By Monia Mazigh – This week, a Radio-Canada investigative reporter found out that the Canadian Border Services Agency (CBSA) has been detaining between 4,000 to 6,000 asylum seekers per year in the last ten years.
It is estimated that 90% of the cases have no security connection. Rather, most of the asylum seekers are detained for administrative reasons, mainly about identity papers. The most troubling part of this investigation is that these asylum seekers, including hundreds of children among them, are detained in facilities where criminal and drug traffickers are also detained. They are held in detention centres or provincial prisons. In 2014-2015, it was reported that the period of detention for the refugee claimants was, on average, 23 days.
The UN Special Rapporteur on the human rights of migrants joined his voice to the UN High Commissioner on Refugees to denounce this illegal treatment and to ask Canada to stop the detainment of asylum seekers in prisons. But so far, Canada didn’t listen to these voices and as of a few days ago, we learned from the media that a 16-year-old Syrian boy would be deported from Toronto by the CBSA to the US.
Under the Canada-US safe third country agreement, refugee claimants are required to request refugee protection in the first country they arrive in. This agreement is part of the US-Canada Smart Border Action Plan. It came into effect in 2004.
In the past years, Amnesty International, the Canadian Council of Refugees and the Canadian Council of churches legally challenged this agreement arguing that it should be considered in breach of the Charter’s obligations since the US doesn’t comply with the Refugee convention and Convention against torture. First, the Federal court agreed with this opinion, but unfortunately, in 2008, the Court of appeal overturned that decision and the court made a final decision to keep the agreement.

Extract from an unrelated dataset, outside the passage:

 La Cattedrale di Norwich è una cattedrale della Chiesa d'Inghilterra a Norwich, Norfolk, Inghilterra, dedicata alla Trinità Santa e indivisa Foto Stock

This boy, who came to the US with his parents, thought that he would have higher chances of being accepted by Canada since the Liberal government made it as one of its political priorities to accept 25,000 Syrian refugees. He didn’t know about CBSA’s extended powers and the above ongoing detainment practices of refugee claimants.
It should be noted that the 16-year-old boy crossed the border unaccompanied and that would make him normally admissible (given his age) but still the CBSA arrested him and detained him for three weeks in isolation in a detention centre in Toronto. After releasing him, the CBSA ordered the boy to be deported to the US. From there, he will likely be deported to Syria via Egypt.

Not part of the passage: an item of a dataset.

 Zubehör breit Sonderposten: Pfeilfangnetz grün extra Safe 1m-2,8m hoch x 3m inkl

The fact that this boy was held in solitary confinement is shocking and in total contradiction with what Prime Minister Justin Trudeau recently asked his Minister of Justice in her mandate letter: to implement the “recommendations from the inquest into the death of Ashley Smith regarding the restriction of the use of solitary confinement and the treatment of those with mental illness.”
Once again, we have a federal agency that is hugely implicated in arresting and detaining people, the most vulnerable ones, with no possibility of redress or appeal. The extended powers that this agency has accumulated since 9/11 are not always justified. Indeed, why do we keep refugee claimants in prison during the time it takes to verify her identity or legal documents?
According to some experts in the field, these abusive arrests can be simply replaced by some simple bail conditions or some presence requirements: for instance, the individual needs to check in with the authorities and not leave the city.
Moreover, these arrests are not even security motivated as it is usually thought or perceived by some. Did the 16-year-old boy present a security threat to Canada? Nothing seems to point in that direction in this case, nor in most other cases of detention since, as we said above, 90% of the 4000 cases of detained claimants have nothing to do with security.
Meanwhile, we don’t know why these arrests are being made. This humiliating and harmful treatment of refugees in the name of security paranoia that is tainting the government’s actions needs to stop. CBSA is one of several agencies that have zero accountability and oversight. This must immediately change.